Afterward he held her hand as they strolled through the busy and packed streets, ending up at Matt Molloy’s Pub for a pint and some music.
She knew of the Irish band The Chieftains, God love her, and she’d been delighted to learn Matt was a member, a fact he advertised with the Grammy awards displayed prominently in the pub. Her love for Irish music was stronger than his own, to his mind, but perhaps that was a Boston thing. After all, how many reels, hornpipes, and jigs could a person stand?
Kathleen clapped and did her best to sing along with the band playing, missing words but making up for it with enthusiasm. She even took pictures to send to her brothers, but he noted that he wasn’t in any of them. They hadn’t spoken much about her family, and truth be told, he hadn’t told her much about his own family yet. She knew Brady, of course, but he had yet to introduce her to his parents as his woman.
They were still making their way in these early steps.

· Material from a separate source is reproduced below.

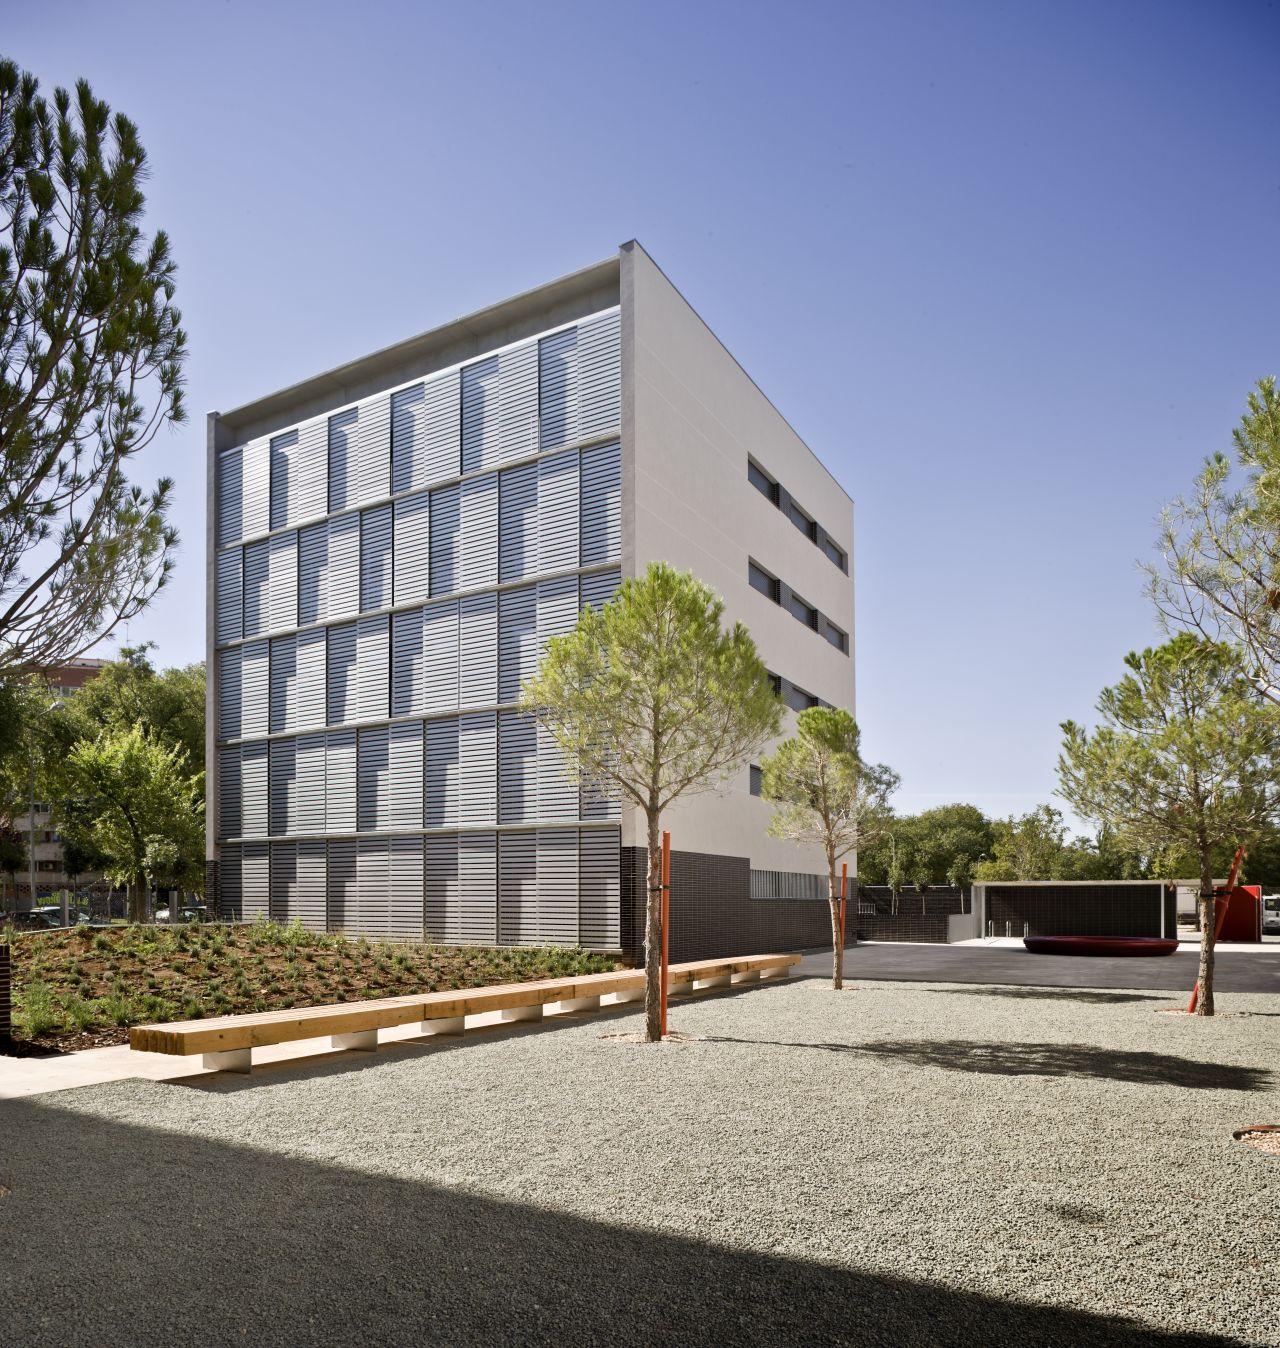 Galeria de conjunto habitacional em albacete burgos garrido arquitectos 8 - Arquitectos albacete ...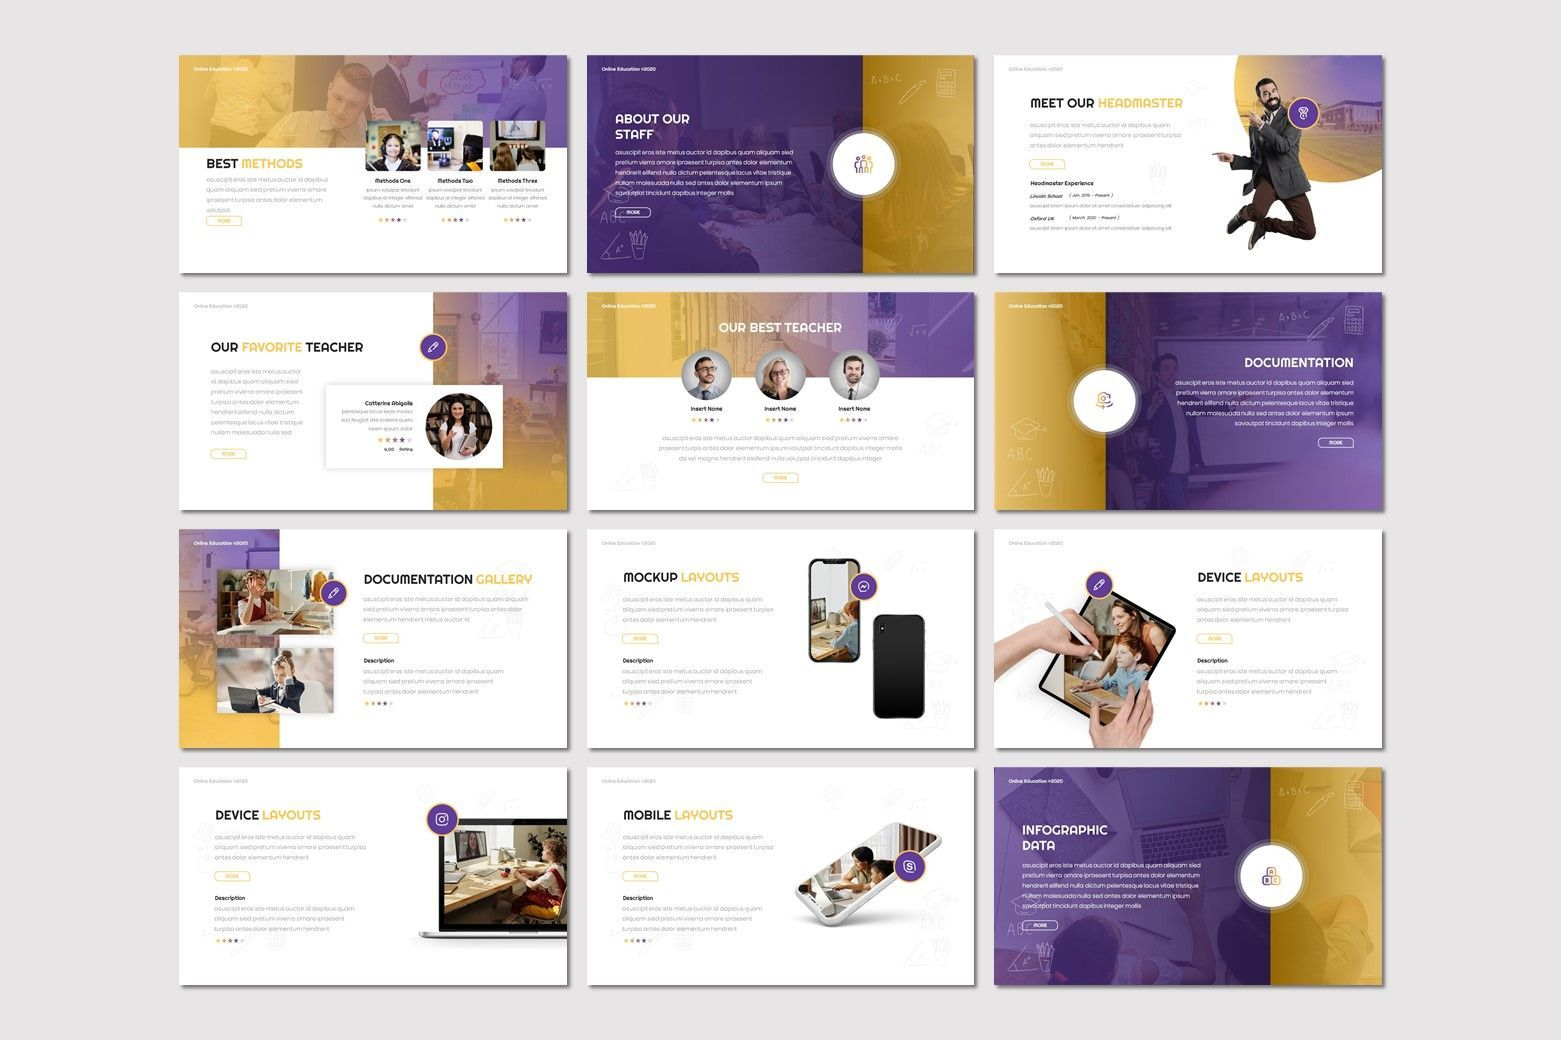 Online Education - Powerpoint Template, Slide 3, 08034, Presentation Templates — PoweredTemplate.com

Her bright smile made it all worthwhile, and by the time they left, he’d decided to buy her one of the band’s CDs as a memento and arrange for Matt himself to sign it. He thought it would be a nice present to give her when the mood called.
On the hour-long ride back to Caisleán, he took another plunge. “Care to spend the night at my place?”
He knew it would be a big step for both of them. She’d never spent the night at Summercrest Manor by joint agreement. They had more privacy at her cottage, and it kept things separate from his brother and her best friend.